Processing of conducting polymers for biologica applications
Organic electroactive materials are used to produce flexible and easily processable electronic devices, such as organic light-emitting diodes, transistors and photovoltaic cells. Alongside these well-established applications, organic electroactive materials have been introduced in bioelectronics, where electronic signals are translated into ionic biosignals and vice versa. Examples of bioelectronic devices are sensors based on organic electrochemical transistors (OECTs).
The objective of this project is to provide a deeper understanding of the working mechanism of OECTs by exploring how the device electrical characteristics depend on the processing of the conducting polymer film.
Conducting polymer films will be deposited by different techniques, to explore how film processing affects the doping/dedoping processes. We will use spin-coating and vapor phase polymerization. We expect to obtain films with different doping/dedoping characteristics, which will shed light on the role of film processing on the ability of the conducting film to accommodate ions. The conducting polymer of choice for films to be processed by spin-coating is PEDOT:PSS. PEDOT:PSS is used because of its high conductivity, biocompatibility, and chemical stability. VPP will yield films of PEDOT doped with p-toluenesulfonate (or tosylate, TOS). PEDOT:PSS and PEDOT:TOS are expected to lead to different operation mechanisms of operation in OECTs. In PEDOT:PSS the dopant anions (PSS-) are essentially immobile, since they are part of a polymer chain. Therefore the OECT current modulation is controlled mainly by incorporation of electrolyte cations. In PEDOT:TOS the dopant ions (TOS-) can be released during dedoping, therefore the dedoping process is a result of both cation incorporation and anion release.

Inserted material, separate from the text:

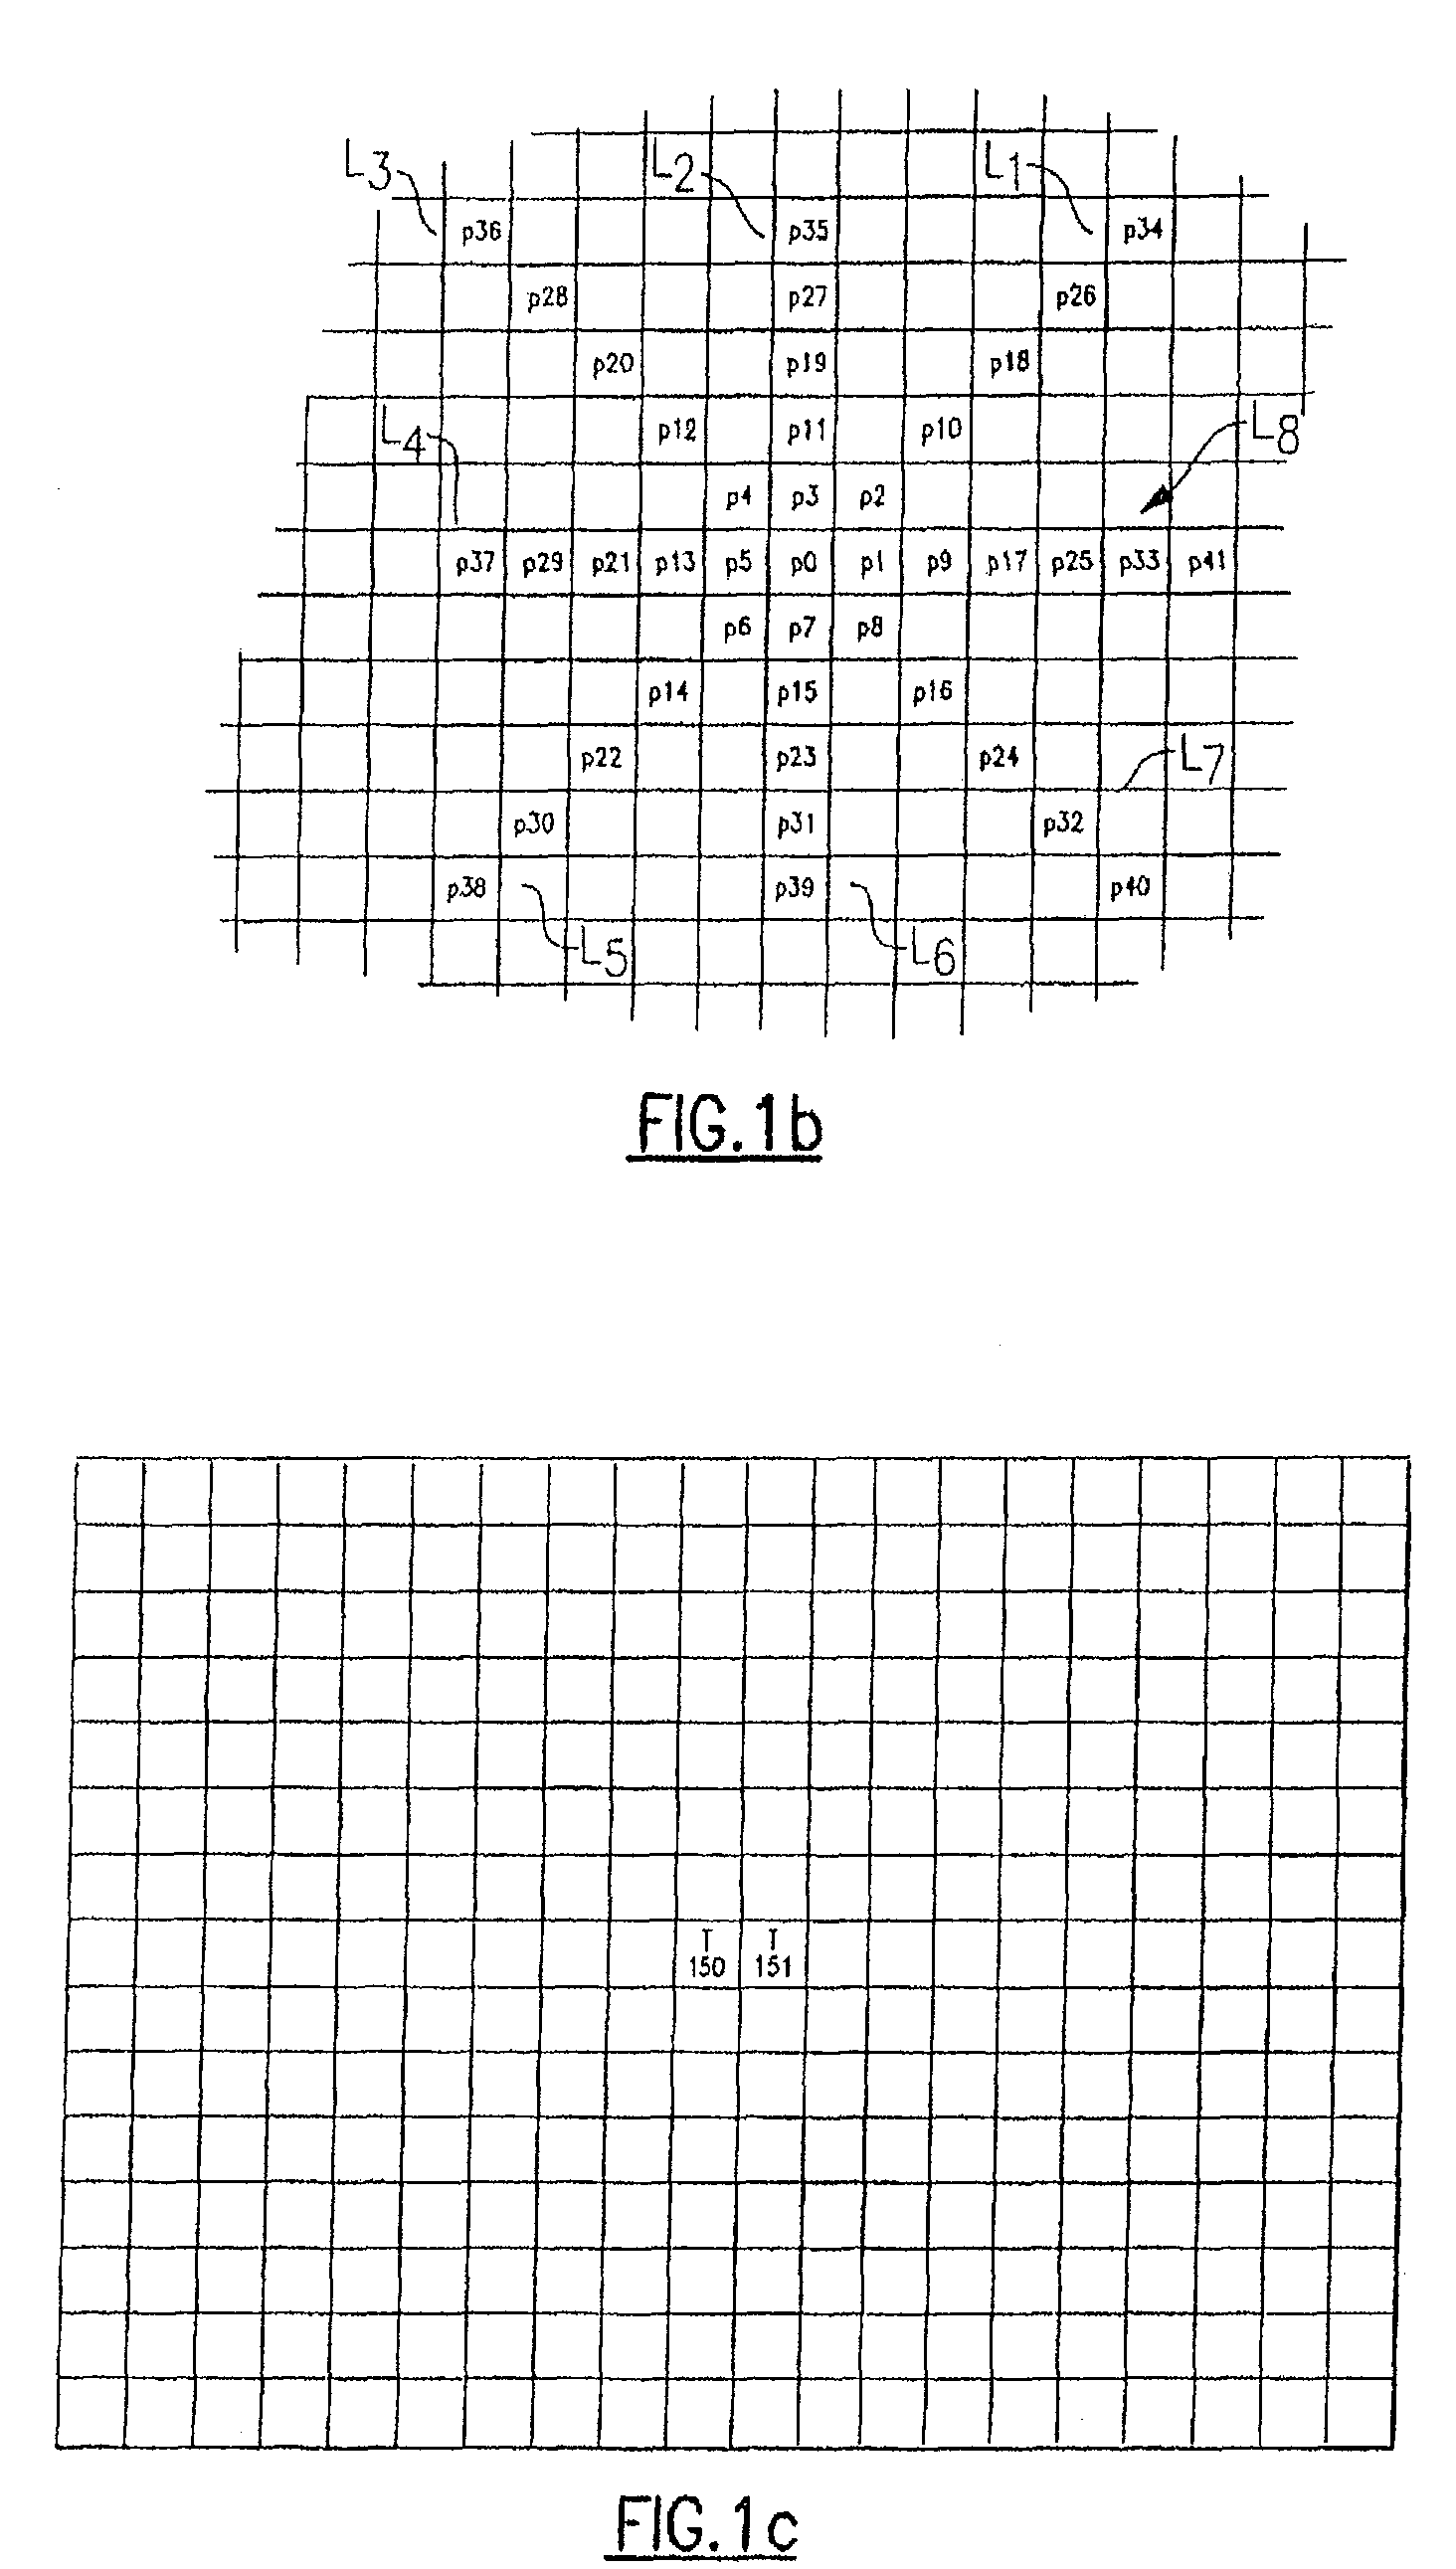 Method for omnidirectional processing of 2D images including recognizable characters

Spin-coated PEDOT:PSS films will be obtained from commercial aqueous suspensions, which need to be mixed with an organic compound (secondary dopant) to increase film conductivity. After spin-coating, the films will be annealed to temperatures higher than 100 °C to remove the excess of water and solvents. Although the role of secondary dopants is still under debate, it has been ascertained that their presence is required to achieve high conductivity. Typically employed secondary dopants are ethylene glycol, dimethyl sulfoxide, sorbitol, glycerol and, recently, polyethylene glycol. To date, it is still unclear which one of these secondary dopants is best suited for OECTs. We will investigate various formulations, with the aim to elucidate the correlation between the conductivity and the effectiveness of the doping/dedoping process.
VPP of PEDOT will be performed as follows. A layer of oxidant solution (Fe(III) p-toluenesulfonate tosylate, TOS) and pyridine dissolved in isopropanol will be deposited on the substrate. After annealing to 80 °C, the substrate will be transferred to the VPP vacuum chamber and exposed to vapors of the EDOT momoner, which will polymerize when in contact with the oxidant. Finally the substrate will be rinsed in ethanol (to remove excess of oxidant) and dried for a few hours at 50°C. This process yields PEDOT doped with the counter ion TOS-.